The Delhi government is not likely to make changes to the rules for nursery admissions in the next academic session, allowing each private school to finalise guidelines on its own, officials in the state education department said on Monday.
The admission schedule for over 1,700 recognised private unaided schools, which offer approximately 1.25 lakh seats in nursery every year, is expected to be issued by early December.
Government officials said the decision not to intervene would avoid potential legal challenges, which have usually followed alterations to guidelines and prolonged the admission process in previous years.
“This time, we want to bring the admission schedule for all private unaided schools at one go. There will be no different guidelines or schedules issued for schools on government land. Schools will decide their own criteria,” a top official in the Delhi education department told Hindustan Times.
In January this year, the Delhi government issued a notification asking 298 top schools built on Delhi Development Authority land to make residential proximity the primary criterion for new admissions.
According to the notification, applicants living within one kilometre of the school would be given preference. If there were seats left, admissions would be given to applicants living between one and three kilometres of the school, and if the seats were still not filled, to students living between three and six kilometres of the school. The guidelines also abolished the management quota in these schools.

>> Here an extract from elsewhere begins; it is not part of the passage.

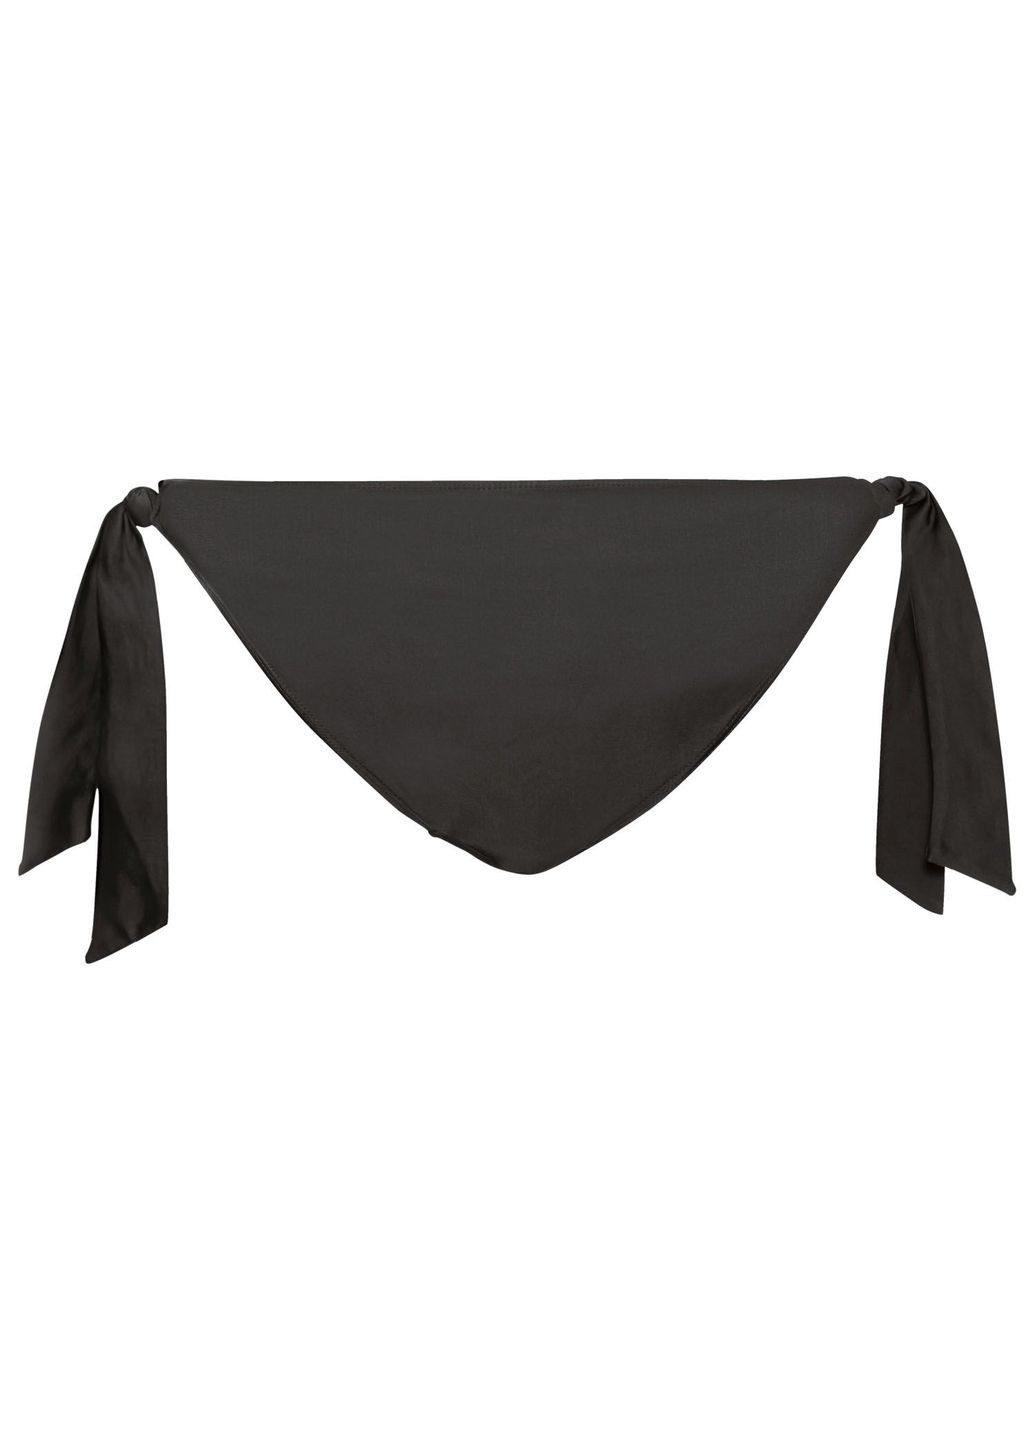 Чорний купальник роздільний на підкладці для жінки lycra® 407621 чорний Esmara

The notification was immediately challenged by the association for private schools on the grounds that it violated their autonomy. The Delhi high court ordered a stay, but the confusion lingered for weeks. The application process, which was to finish in January, was finally completed in mid-February.
The case is still in court and the next date of hearing has been set for January 16, 2018.
The high court also told the government to make any changes in the guidelines for the next session at least three months before admissions were schedule to begin. That deadline has passed.
When told that the government was not likely to intervene this year, SK Bhattacharya, president of the Action Committee for Unaided Recognised Private School, said his body would welcome the move.
“The government needs to keep a balance between autonomy of private schools and transparency. If this is happening, it will ensure parents don’t face any confusion due to last minute changes.”
As things stand, residential proximity to the school carries the highest weight for new admissions to most institutions. The radius, however, varies from school to school. Other criteria include preference for girls, for candidates who have siblings in the same school, for children of alumni, and for students with a single parent. A total of 100 points are divided between these criteria in different proportions.
A Delhi government official said that the education department would meet over the next two days to finalise the admission schedule.
Even if no changes are made to guidelines, the official stressed, all schools will have to abide by an earlier government order that abolished 51 admission criteria considered “discriminatory”. These included oral tests, interviews, achievements of parents, non-smoking parents, and vegetarian parents.